Meanwhile, in the city of Mithila, a Jaina monk named Bhrājişņu, going out at night, inferred from an observation of the stars that somewhere ascetics were being subjected to maltreatment and oppression. Thereupon the head of the monastery with his supernatural knowledge ascertained the mischief being done by Bali, and asked a devotee named Puşpakadeva, capable of travelling through the air, to go and request on his behalf the powerful sage Vişņu to counteract the evil.

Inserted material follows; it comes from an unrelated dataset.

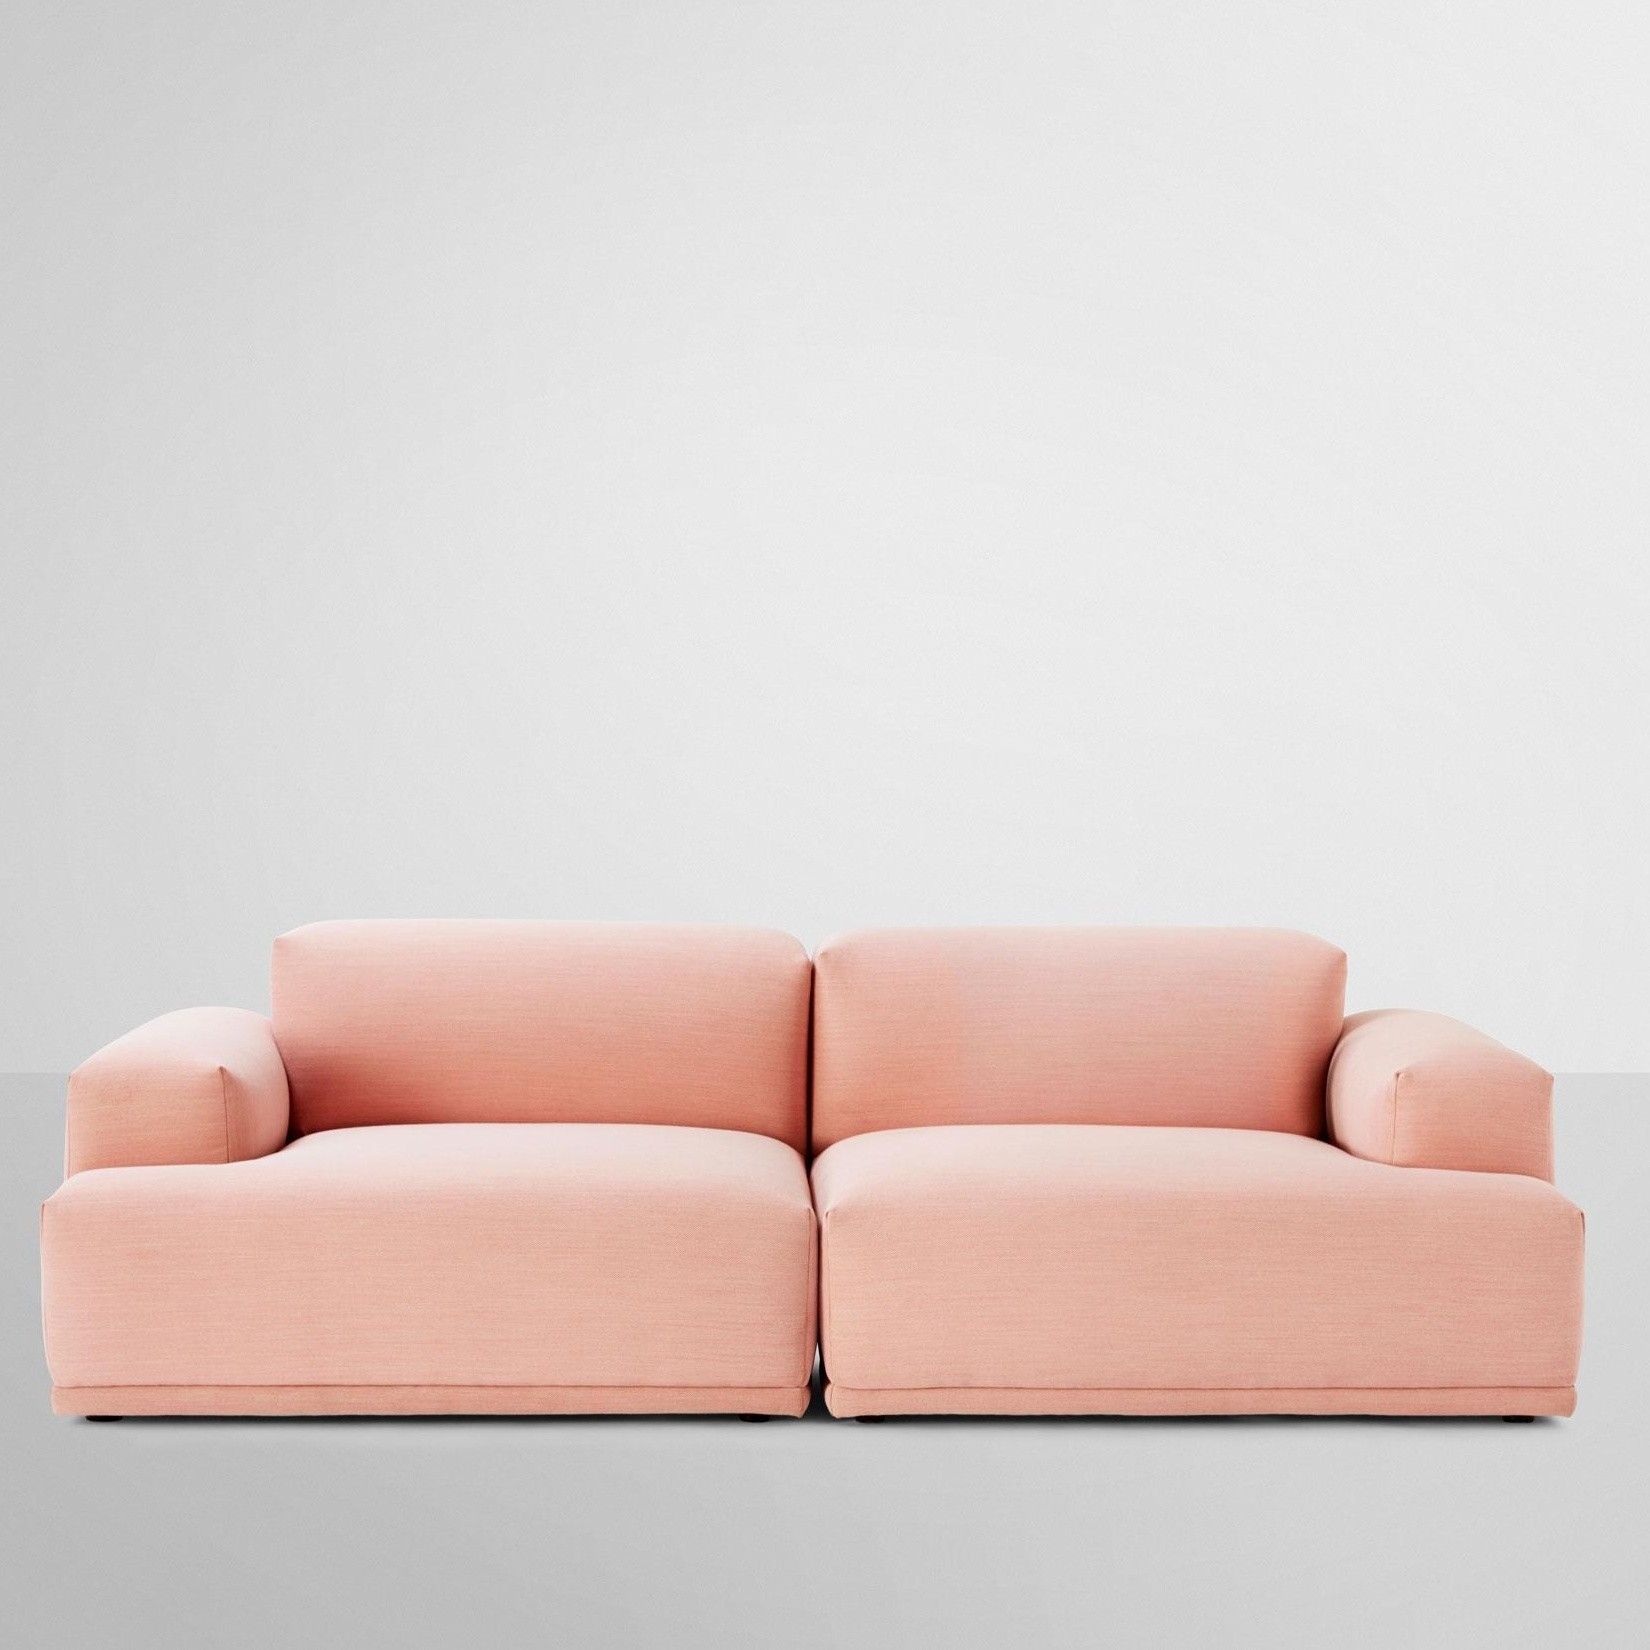 muuto connect lounge 2 sitzer sofa ambientedirect. Black Bedroom Furniture Sets. Home Design Ideas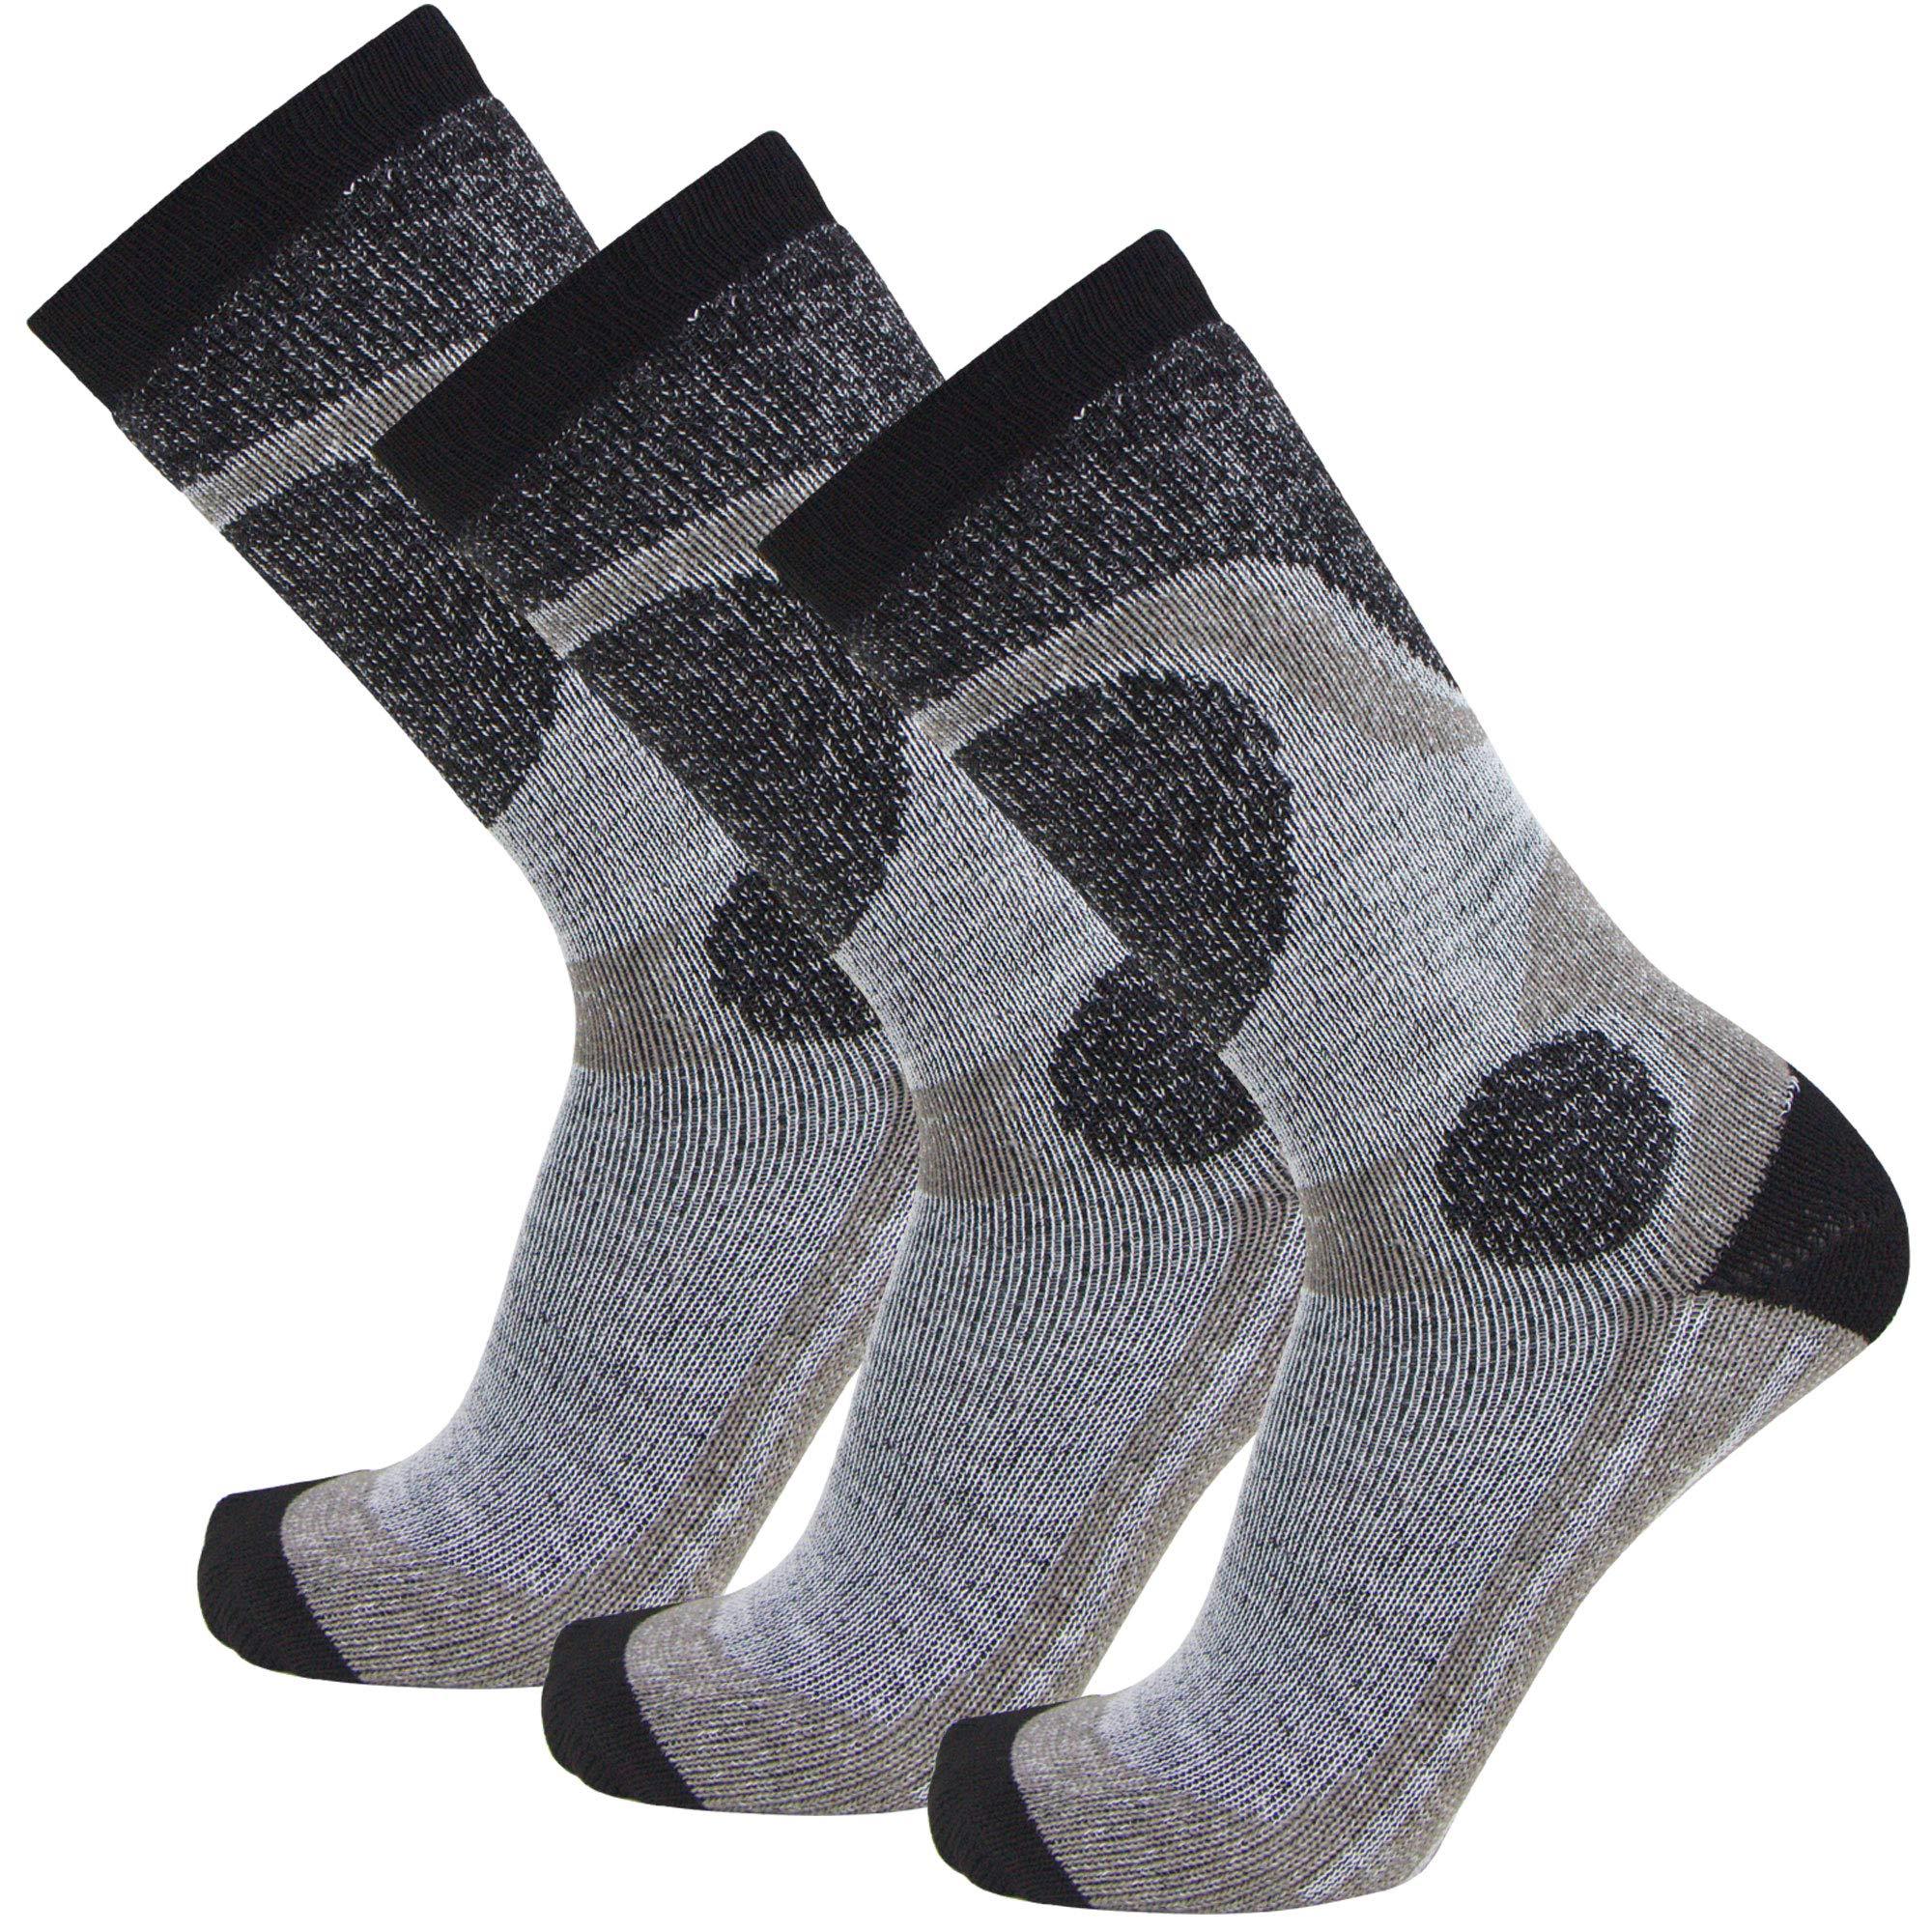 Pure Athlete Elite Ski Socks for Boys and Girls - Kids Merino Wool Youth Snowboard

The latter, on receipt of the message, immediately proceeded to Hastināpura and appealed to king Padma to give the necessary protection to the oppressed monks, but the king pointed out that Bali, and not he, was reigning at the moment.
The sage Vişnu then decided on a crafty manoeuvre. Assuming the form of a dwarf, he went to the place where Bali was performing his sacrifice, and began to recite verses of the Veda in a melodious tone. Attracted by his sonorous voice, Bali came out of the sacrificial pavilion and asked him what he desired. The dwarf replied that, having been robbed of his home by his relatives, he wanted only a slice of land measuring three steps, and on hearing this, Bali at once granted his desire. The sage then discarded the guise of a dwarf and began to extend his frame upwards and downwards and athwart, without any limit. He fixed one step on the foundation of the ocean and another in the sky; and not finding room for a third, placed it on Bali and sent him down to the nether regions.
IX) The evil consequences of drinking are illustrated in the following story. A wandering religious mendicant named Ekapād, arriving at the Vindhya forest from the town of Ekacakra on his way to the Ganges, fell in with a crowd of Cāņdālas, who were indulging in bouts of drinking and partaking of meat in the company of youthful intoxicated women. The Cândālas detained the mendicant, and declared that he must, on the pain of death, either drink wine or take meat or become intimate with a woman. The mendicant reflected that the eating of flesh was strictly prohibited in the Law-books, and so was union with a Cāņdāla woman, but wine was drunk in the Vedic sacrifice Sautrāmaņi, and the ingredients of wine such as flour, water and molasses were quite pure. Thus thinking, he preferred to take wine, but under the influence of drink he joined in the merrymaking of the women; and feeling hungry, partook of meat, and soon passion compelled him to desire the company of one of the Cāņdāla women.